* _Action item_
Every line in the data below from the one containing "Caged animals. Скучающая" down to the one containing "Brendon's Catch 23 Louisville Menu - 1", both included, must be retyped exactly; no other line is to appear.

* _Records shown_
--

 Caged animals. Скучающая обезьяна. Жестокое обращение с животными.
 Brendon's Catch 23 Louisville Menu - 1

--

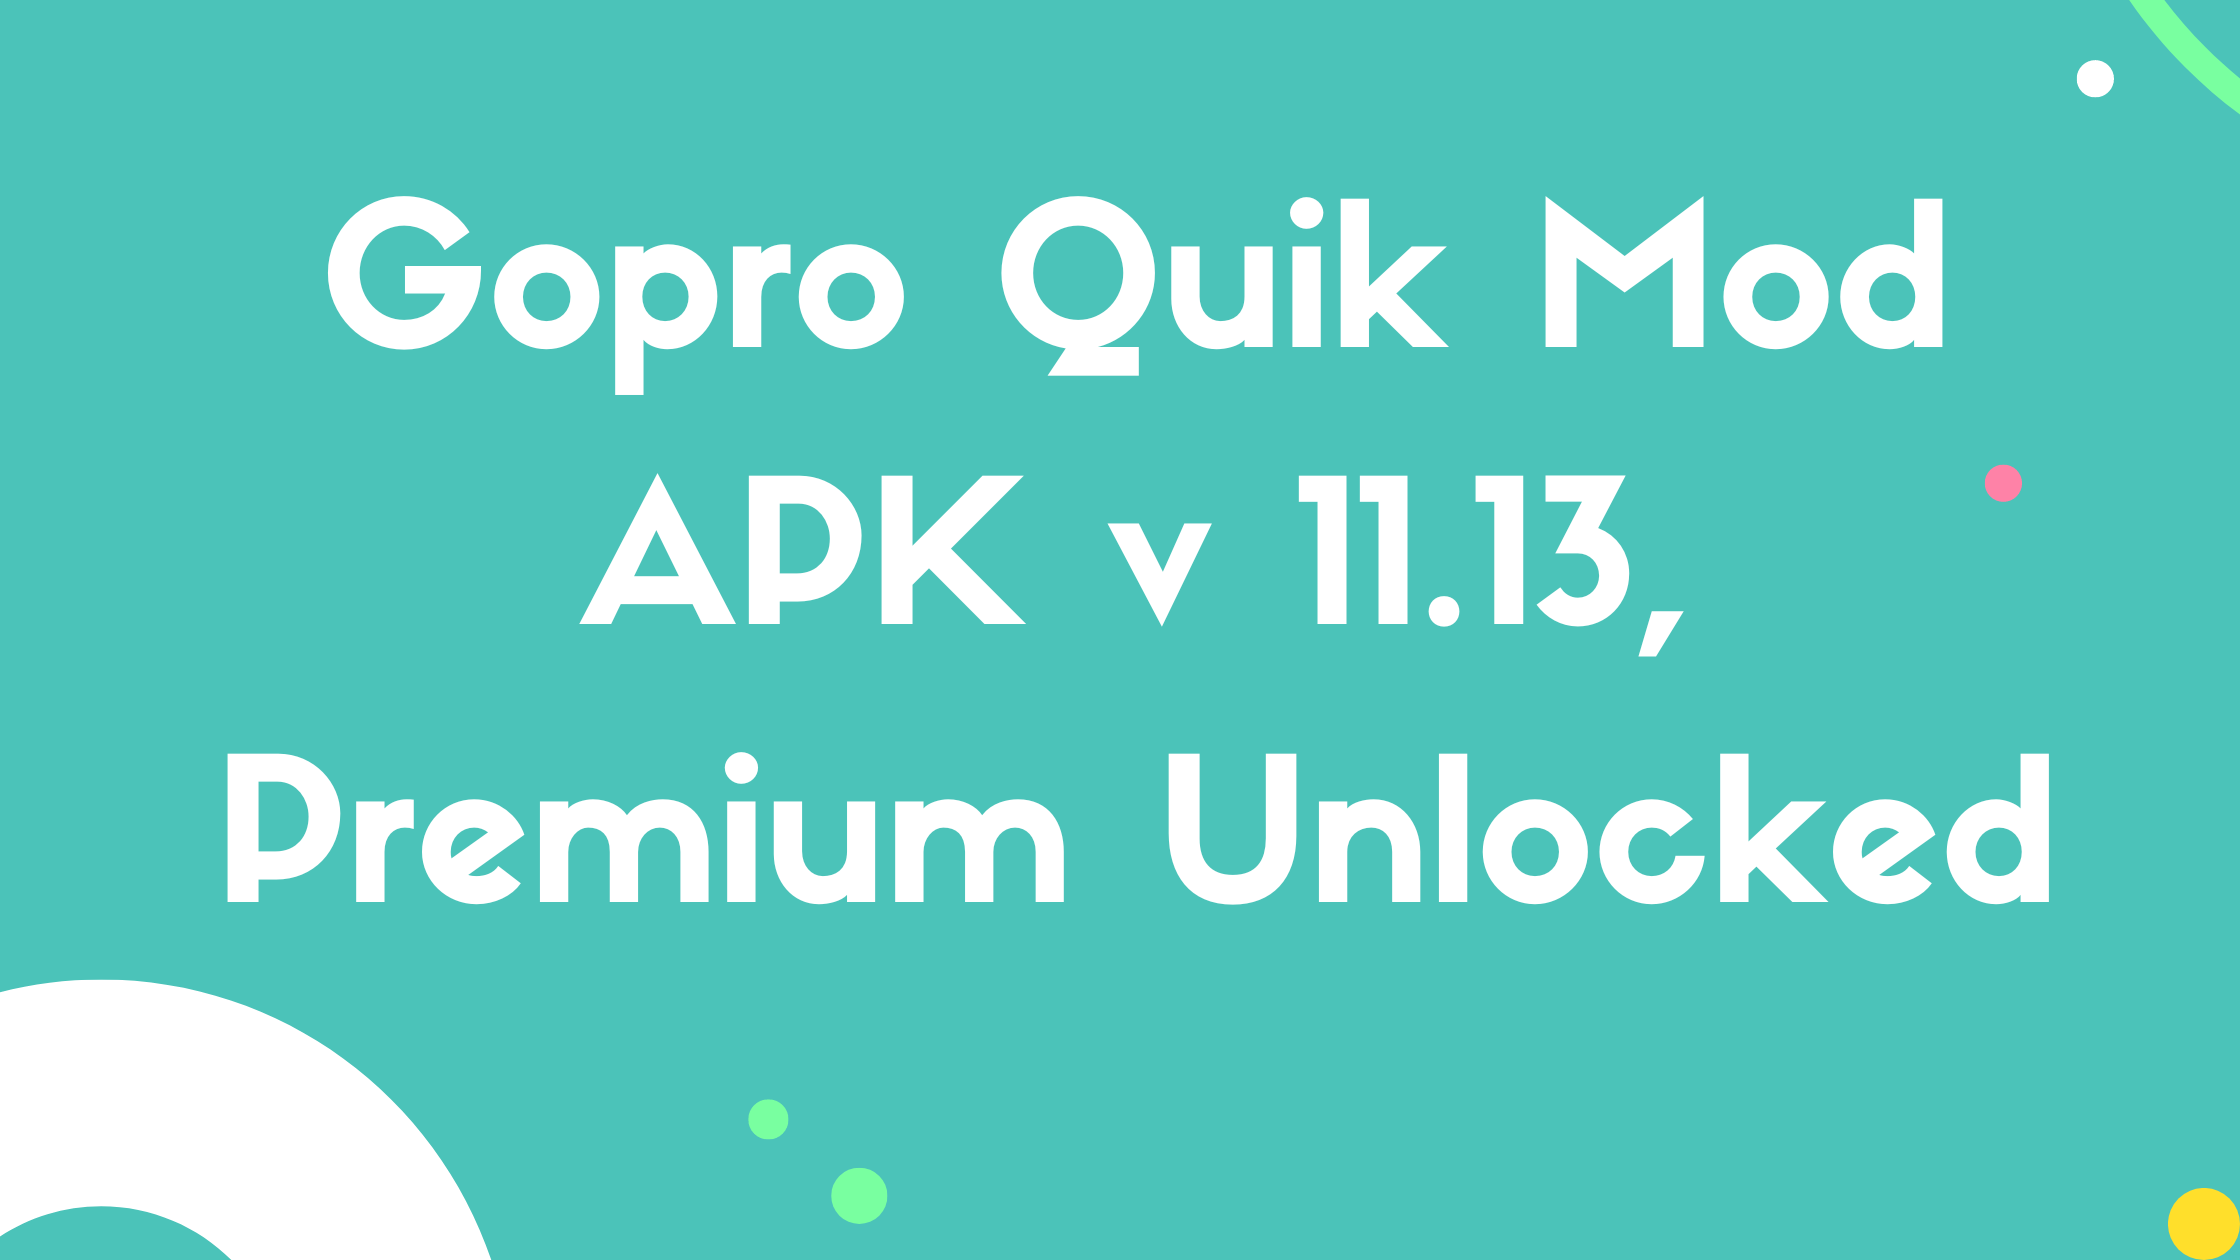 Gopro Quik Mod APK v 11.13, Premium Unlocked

--

* _Output of the exercise_
 Caged animals. Скучающая обезьяна. Жестокое обращение с животными.
 Brendon's Catch 23 Louisville Menu - 1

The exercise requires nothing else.